Как-то в минуту откровенности Усенко сказал Крониду:

- От такой фронтовой жизни я скоро "дойду до ручки"! Нет больше терпения… Скажи, Кроня, ну зачем нас сейчас держат здесь? Почему не отправляют в Сталинград, на Кавказ, в Ленинград, к черту на кулички, лишь бы там бить фашистов?

Обойщиков разделял недовольство командира. Но чем практически он мог помочь ему?

- Хочешь послушать стихи? Не мои, Есенина?

- Давай! - повернулся летчик.

Бомбардир наклонил голову, некоторое время молчал, будто изучал свои рыжие унты. Потом, подперев щеку рукой, задумчиво начал:

В этой могиле под скромными ивами
Спит он, зарытый землей,
С чистой душой, со святыми порывами,
С верой зари огневой…
Тихо от ветра, тоски напустившего,
Плачет, нахмурившись, даль,
Точно им всем безо времени сгибшего
Бедного юношу жаль.

Негромкий голос друга умолк. Константин про себя повторил эти впервые услышанные им строки и почувствовал за ними что-то невысказанное. Он осторожно коснулся плеча Обойщикова:

- Тоскуешь, Кроня? Вспомнил погибших?

Тот медленно кивнул и вздохнул:

- Стоят, Костик, они перед глазами как живые. Все время вижу Диговцева, Кузина, Родина, Ананьева… Вот ты говоришь, в Сталинград бы! Я тоже. Но… теперь нелегко нам будет уйти отсюда. Слишком много осталось здесь нашего брата неотомщенного! Много!

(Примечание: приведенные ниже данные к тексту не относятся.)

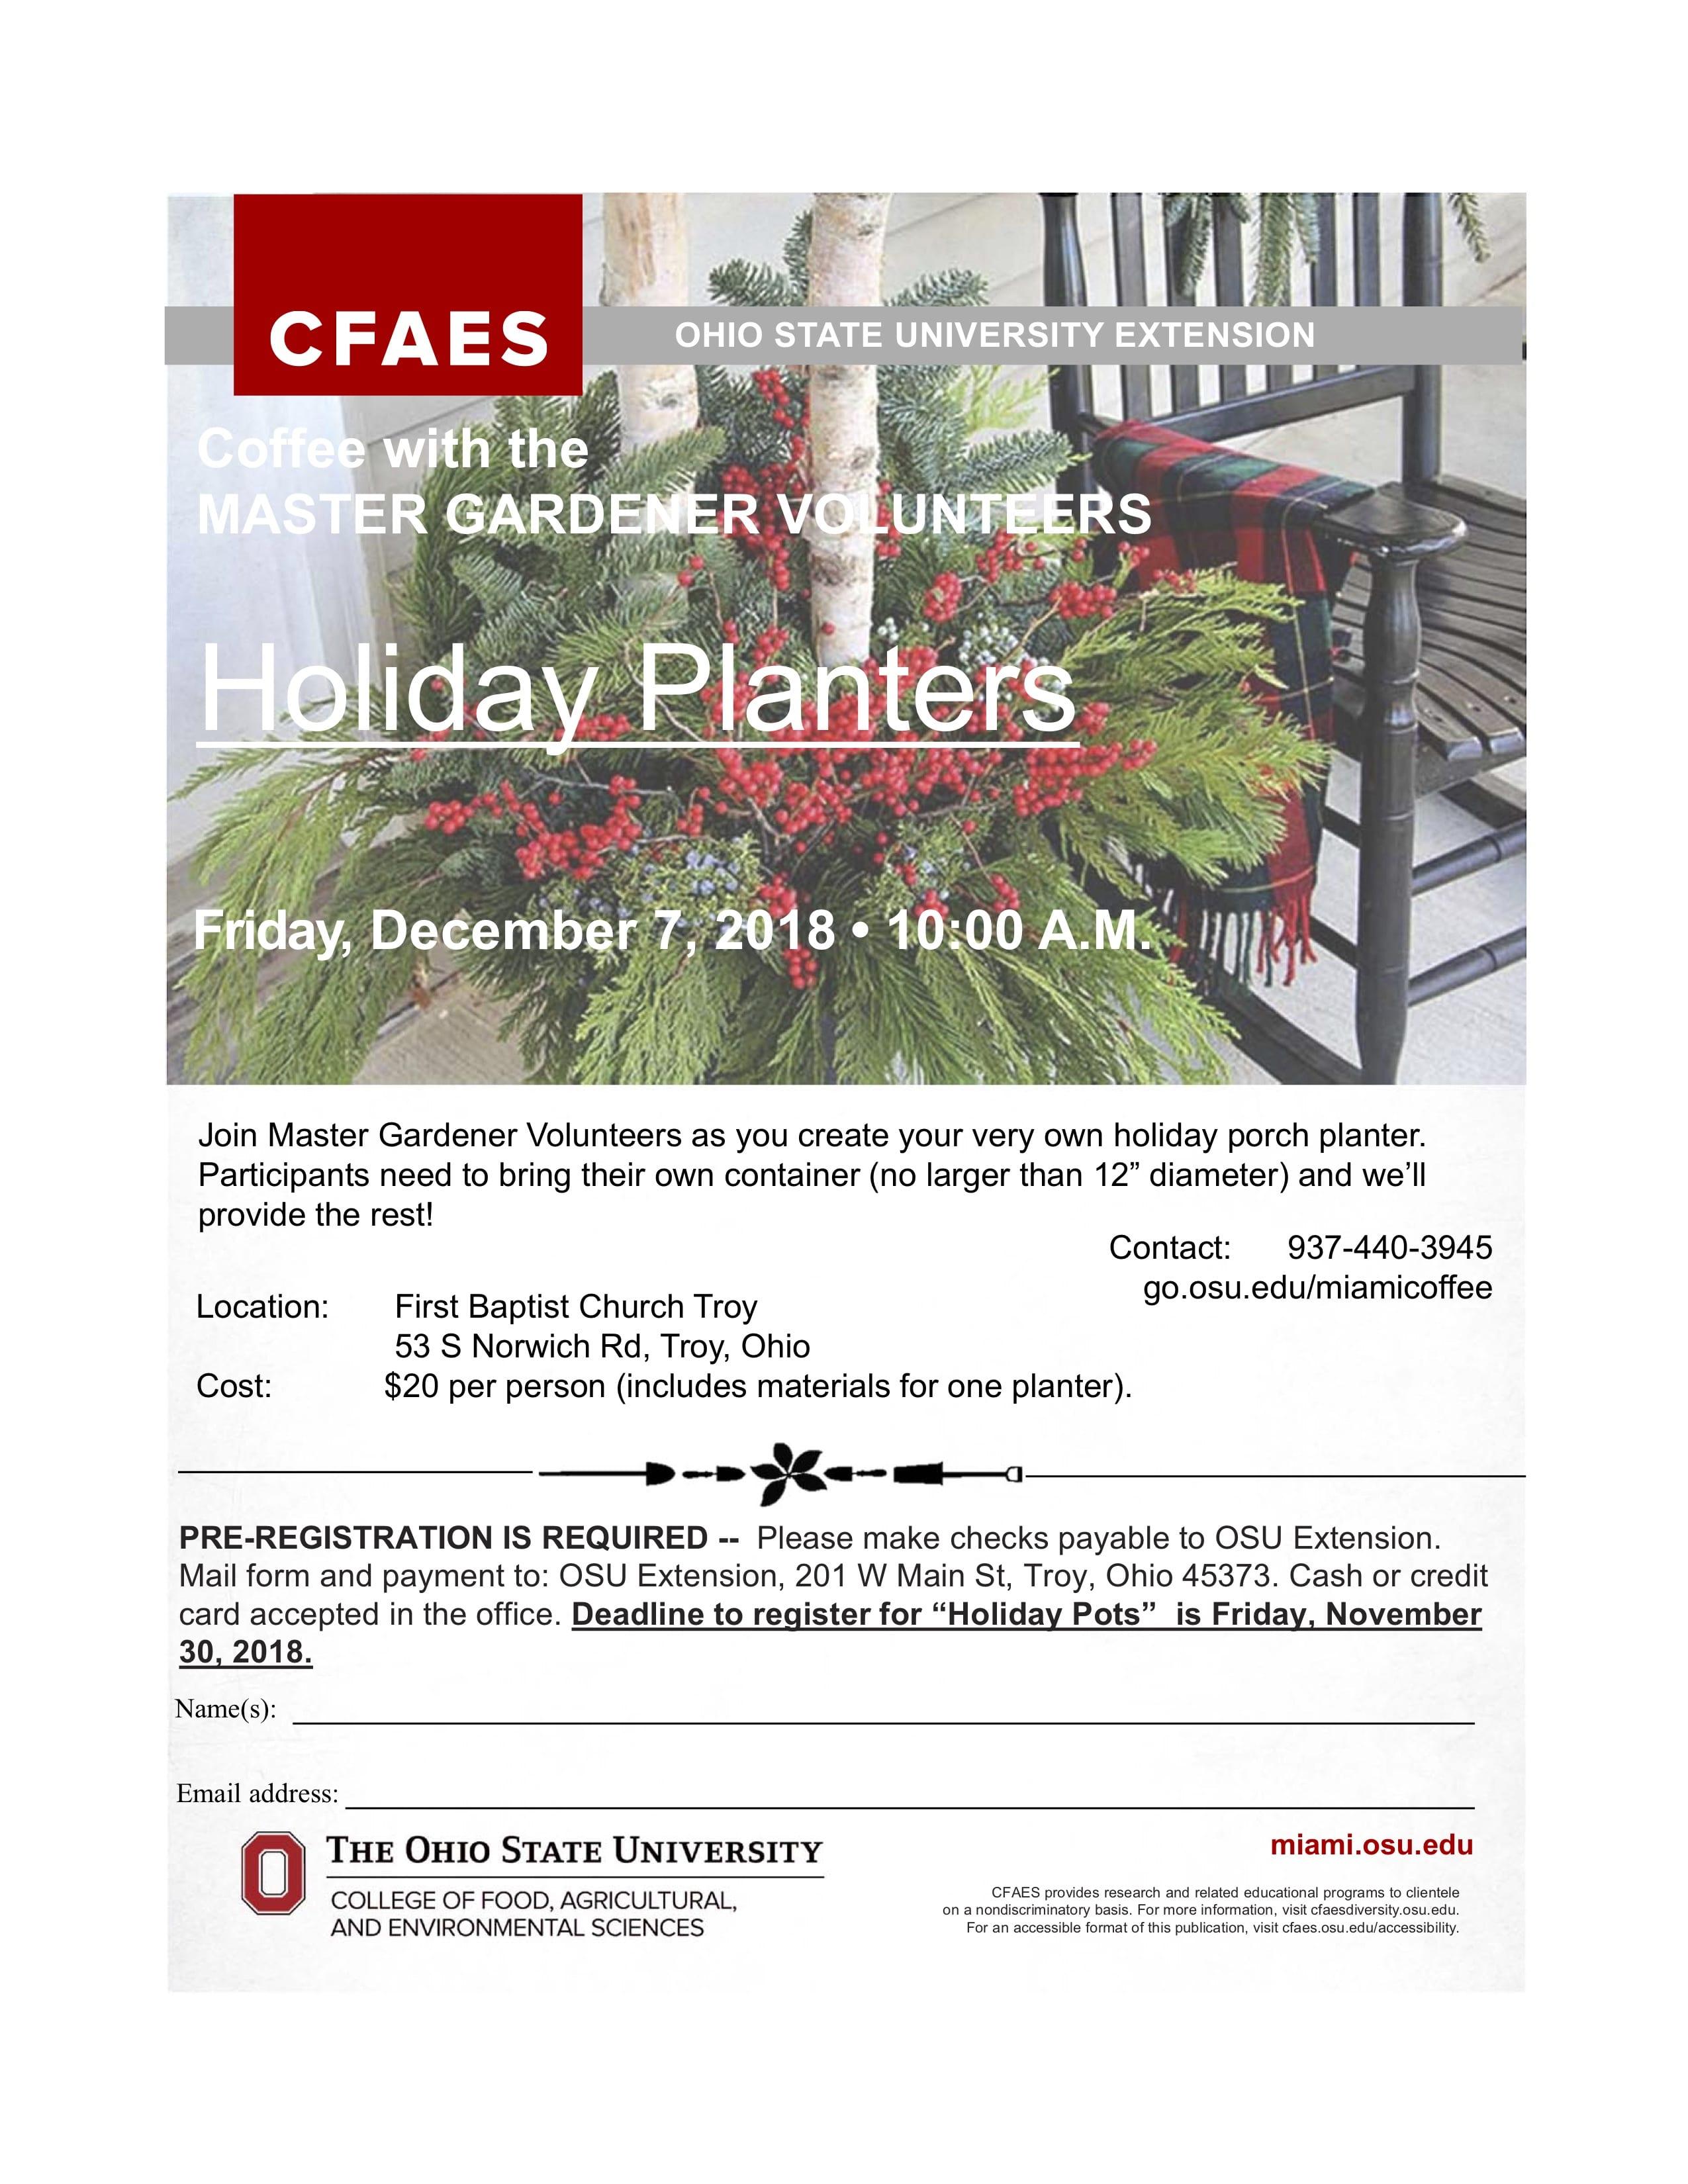 Create your own Holiday Planter with the Master Gardener ... on vermont garden, newcastle garden, amsterdam garden, paris garden,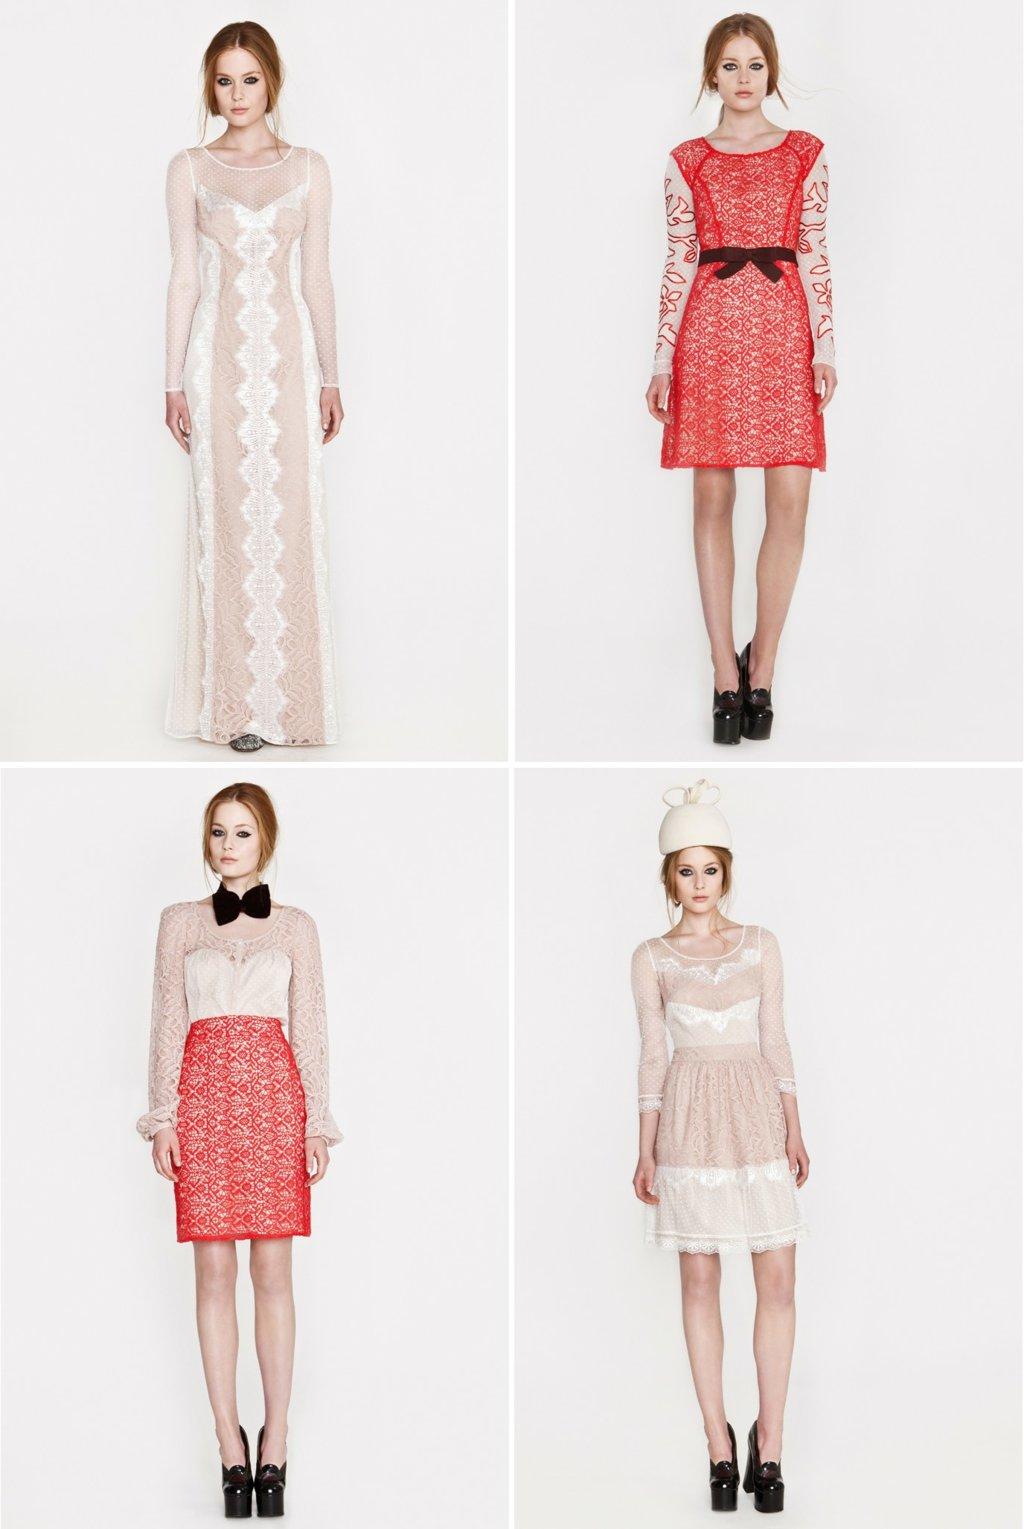 Alice temperley wedding dress inspiration resort 2013 dresses for Alice temperley wedding dresses

- Ничего, Кронид! Отомстим! Мы еще свое слово скажем.

Большинство людей вечернее время проводило в кубриках в до тошноты надоевшем однообразии: читали и перечитывали немногочисленные имевшиеся в библиотеке книжки, старые газеты, забивали "козла", писали длинные письма родным, заранее зная, что до адресатов они не дойдут, так как большинство летчиков были из тех мест, которые сейчас оказались под пятой фашистов.

Политработники и комсомольская организация наладили работу кружков художественной самодеятельности, организовали хор и даже танцевальную группу, часто проводились партийные и комсомольские собрания, политинформации. Но поднять настроение у людей должным образом не удавалось. Сказывались не столько тяжкие климатические условия Севера, сколько отсутствие главного дела - боев. А сообщения с других фронтов поступали все более тревожные: изнурительные бои шли в Сталинграде, в Воронеже, на Кавказе. Летчики не понимали, почему в такое критическое время их удерживали на Севере, и открыто роптали. На партийных и комсомольских собраниях все чаще вносились предложения: "Просить командование немедленно отправить авиаполк на "горячие" участки фронта". Политработники разъясняли несостоятельность таких резолюций, доказывали, что начальству сверху виднее, и прочее. Коммунисты и комсомольцы соглашались и… продолжали проситься в Сталинград…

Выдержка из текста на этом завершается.